Sunday Thoughts: 14/06/09

Chasing Trophies

Back when I first got my hands on a shiny new Xbox 360, the ubiquitous chirp of the Achievement Unlocked notification was a welcome surprise.  People had told me about these new so-called Achievements and the associated Gamerscore, but I was still too wrapped up in my PS2 and Dreamcast to notice; once I’d seen Fight Night Round 3 running on the big white box I had to have one, though, and I distinctly remember my first achievement which was on the original Condemned.  One down, and I was hooked.

When the PS3 launched I traded in my 360 (to be accurate, by then it was my third due to hardware problems) so I could afford the new PlayStation on day one and didn’t miss not having a Microsoft console until Gears of War 2 surfaced: I was more than happy with the PS3 and it’s gaming output, but I was missing some kind of token reward for my gaming efforts.  Thankfully, Sony had the Trophy system in the pipeline and when it was finally time to roll out Firmware 2.40 I was hooked again.  After that first ‘ping’ of the Trophy Unlock noise was in my blood we set up the Trophy page on the site, and apart from the home page it’s still the 2nd most visited page on TSA.

Since then, despite being only an average gamer, I’ve always kept one eye on the Trophy list as new games surface.  Despite Sony moving to a secure server for their Trophy database, the Trophy details of some games still manage to leak out early (and usually resemble the equivalent Achievements anyway) and although I’m never going to go as far as to play through dross like Hannah Montana or Terminator to bag some silverware, I have started using the lists as a way to get more out of the games I do enjoy playing.

Take, for example, GTi Club+, recently brought back into the daylight via Chris’ 7th Challenge TSA post yesterday.  I’d previously assumed I was done with the game: I hadn’t played it for ages and would only really ever concentrate on the Easy track as that was the one I remember from the arcades, but after a few laps trying to set a decent record I glanced over the Trophy list and found there was a couple I hadn’t manage to get the first time around, and then spent another 15 minutes getting another bronze and a silver.

Why?  I have no idea.  The Trophy cabinet in Home isn’t ready yet (if indeed it ever will be) and I don’t currently use Home enough to warrant the investment in displaying my gaming prowess even it is was.  I also think the current method of comparing Trophies on the XMB is far too slow. As my TSA signature (on the forums) will attest, I’m (I think) either a level 6 or 7 which means I tend to collect all the bronze Trophies during a review run-through of a game and then don’t go back once the review is live on the site.  This, naturally, means I’m missing out on a huge amount of silvers and golds, and I have precisely zero platinums.

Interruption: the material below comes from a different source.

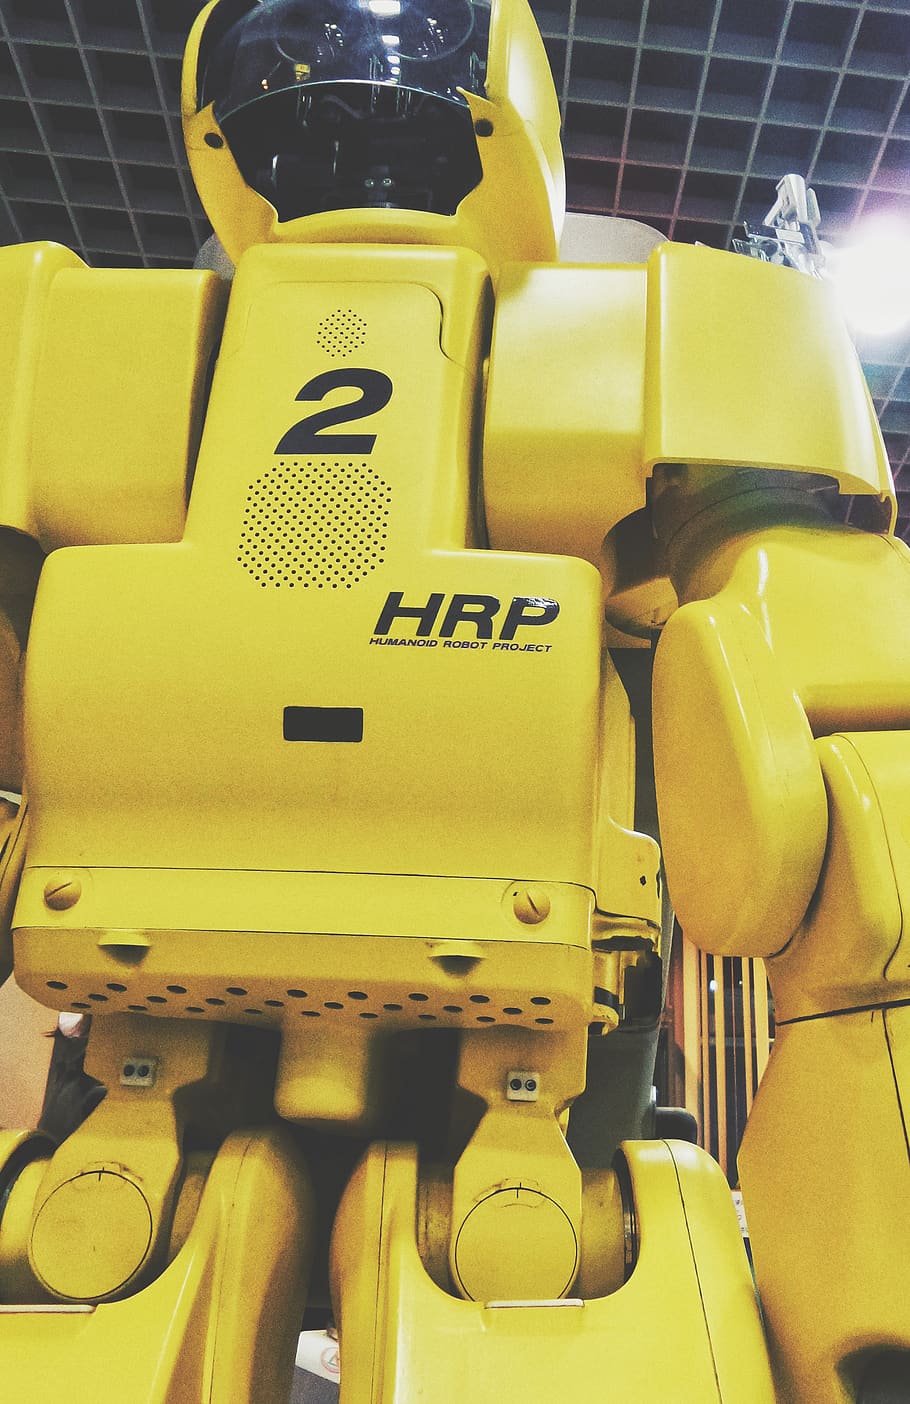 375x667px. free download. HD wallpaper: robot, android, hrp

I’m not terrible at FPS, I can hold a good racing line and I’m a dab hand at the odd platformer, but the path of least resistance for my incremental climb up the Trophy food chain appears to be firmly fixed on nibbling at bronzes.  This probably won’t change, I don’t have either the time or the willpower to be great at any game in particular so I can kiss goodbye to ever bagging a platinum.  Gold’s tend to be awarded for completing a game on hard: again, not going to happen until I’m forced to try the game on it’s trickiest setting for review purposes.

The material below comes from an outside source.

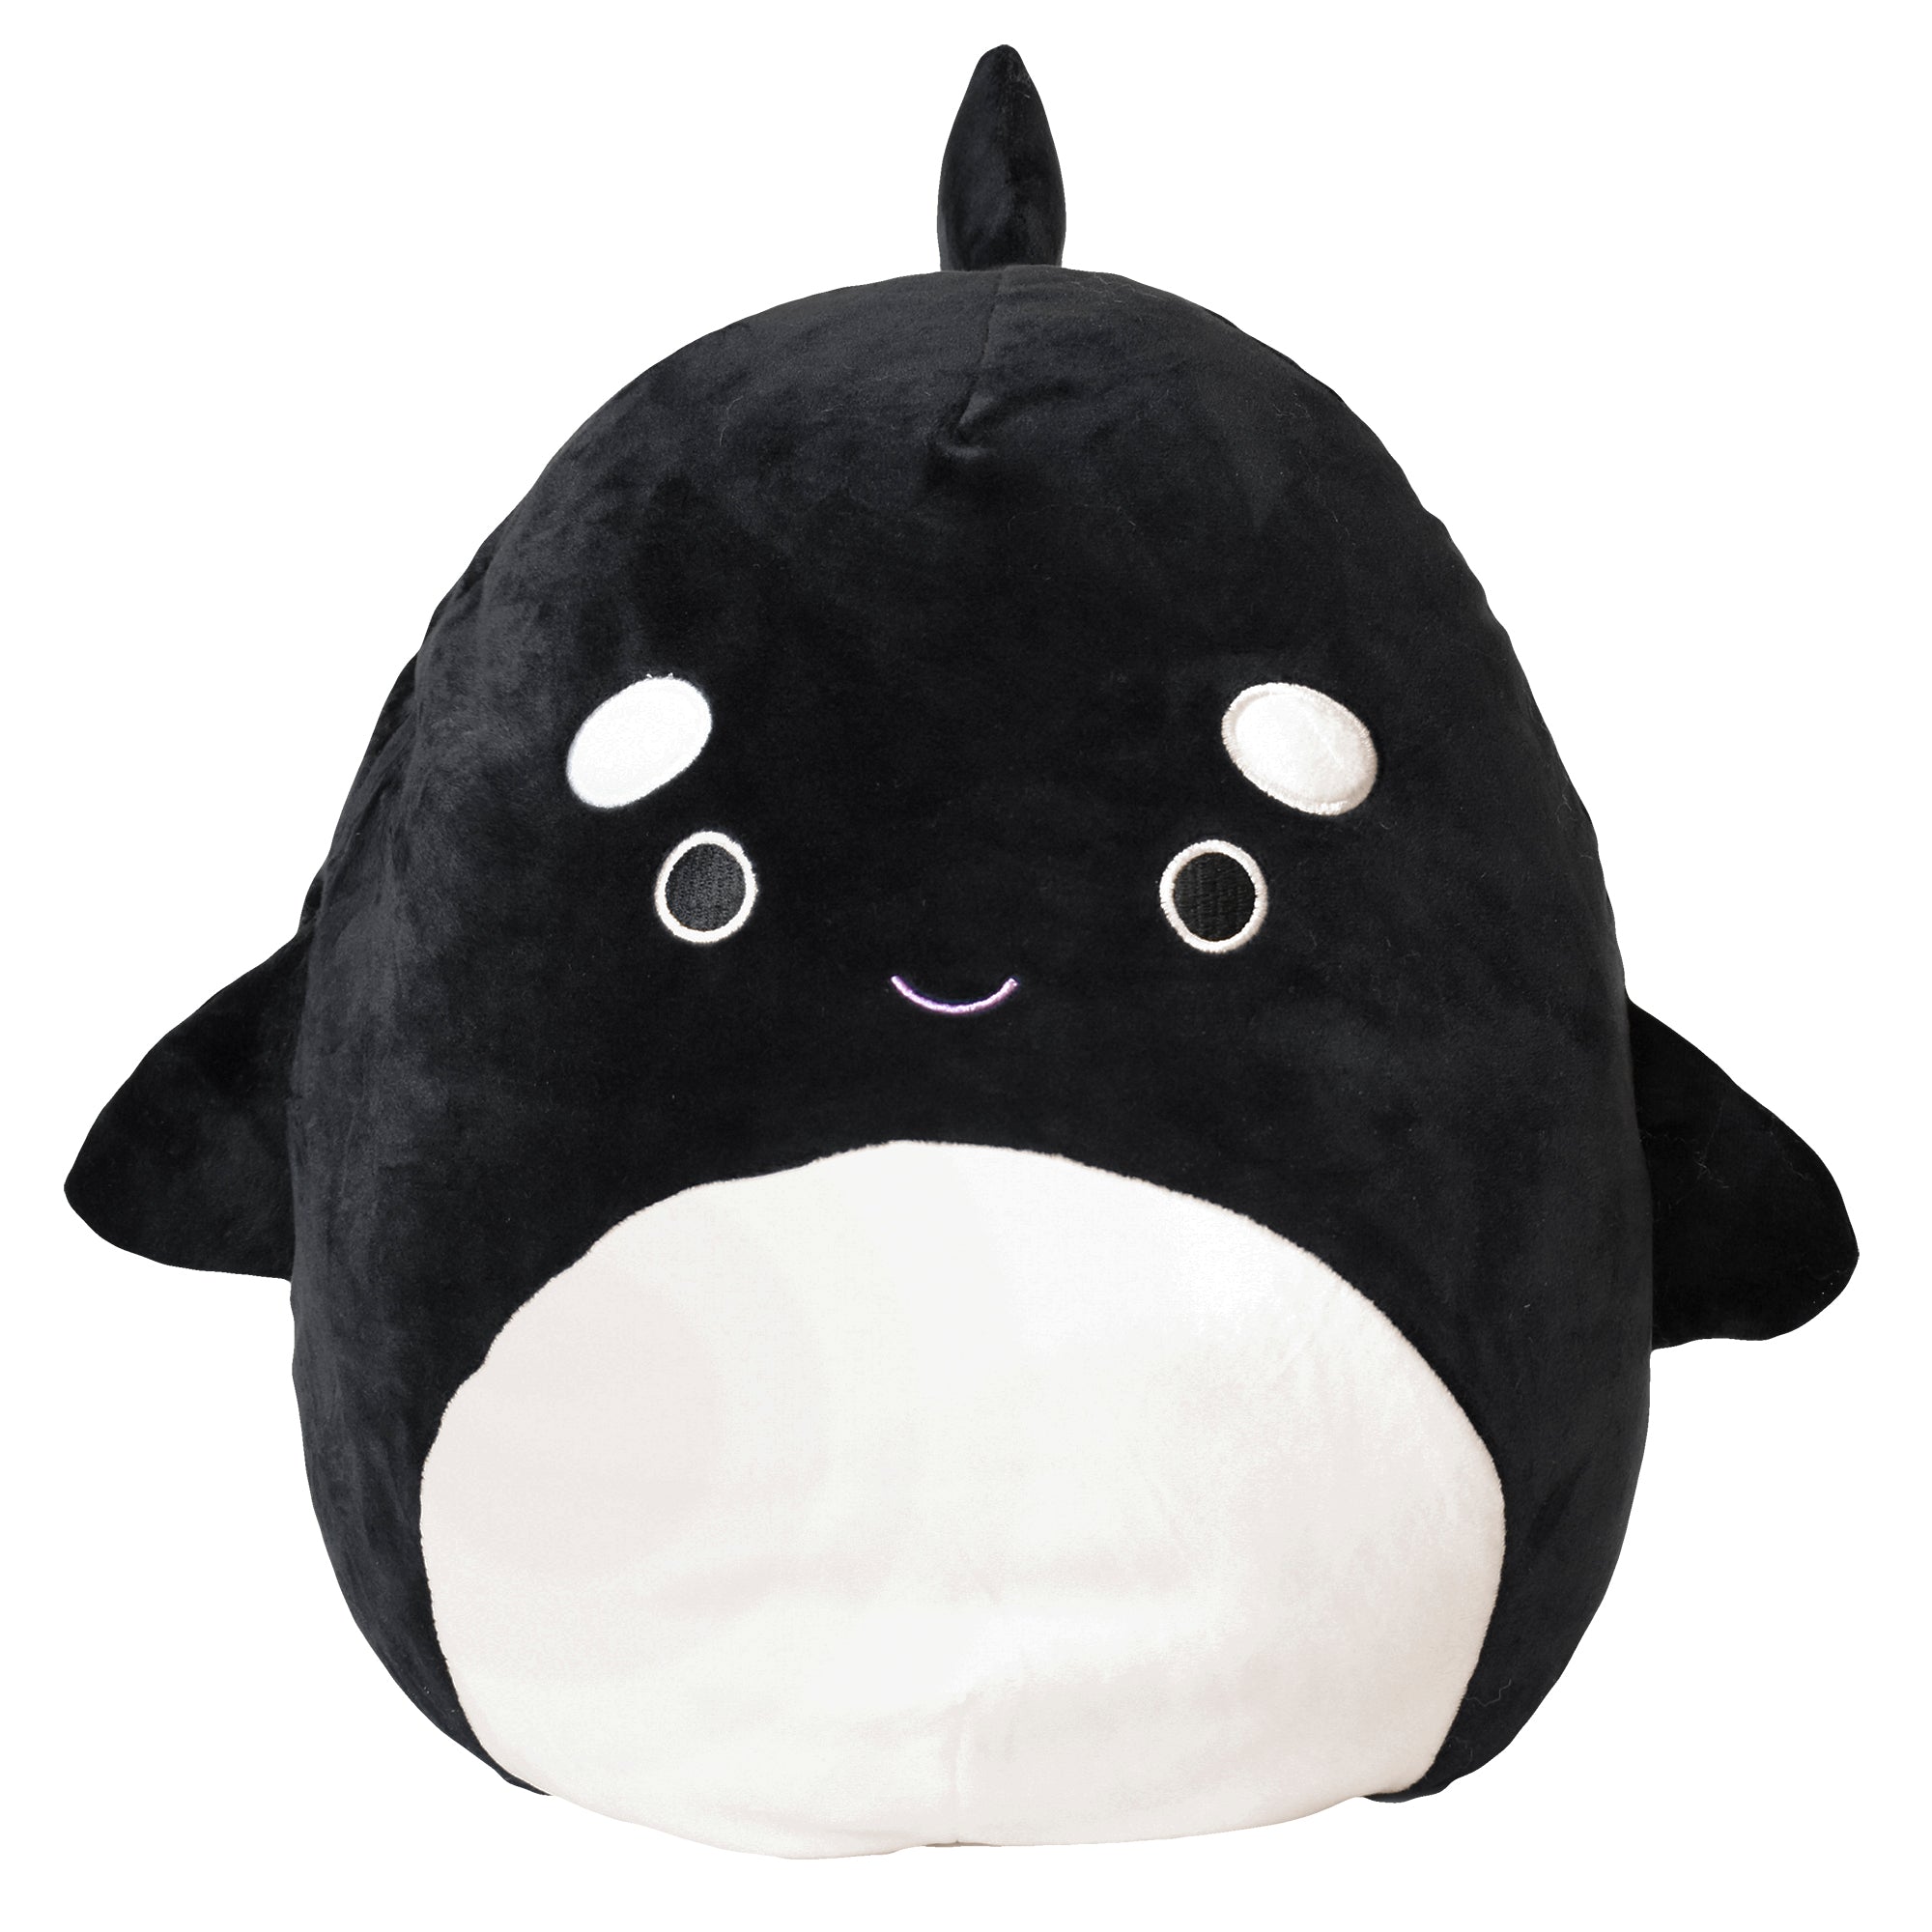 All Abount Nature 14 (36cm) Plush Orca Whale Soft Stuffed Animal

What I am keen on though, is developers using Trophies (and of course, Achievements) to suggest alternative play-styles for gamers, or help them get more of a game.  A recent run through of Ghostbusters The Video Game for the site was sidetracked by some nicely positioned Trophies meant to make you stop and think once per level – they weren’t cryptic enough to need a guide but their implementation was clever, and again back to GTi Club: this morning I stopped, put the car into reverse and backed up over the line.  Why?  Because you get a silver Trophy for doing so.

What I don’t like is the way some publishers entice you to buy downloadable content for their game with Trophies.  Although my card got bounced this morning when I tried to buy Big Surf Island I was intending to, but I’m kinda glad I didn’t because a cursory glance down the Trophy list for Burnout Paradise revealed that the game had blocks of the damned things for each DLC Criterion has put out this year, and they all seemed rather banal and easy to obtain.  Buy the pack, get the Trophies – doesn’t seem in the spirit of things.

But that’s not the point.  Now that Sony have enforced Trophy support on all games going forward, even if you don’t have prior knowledge of the unlock criteria for each reward, you do still have some kind of sense as to when that Trophy pop-up will appear: at the end of a level, after finding the first thing of a hundred, after beating the top lap time, and when it doesn’t (which is obviously the case on other consoles) it all seems a little empty.  Trophies, then, have changed the way we play games, and most of us would argue it’s for the good.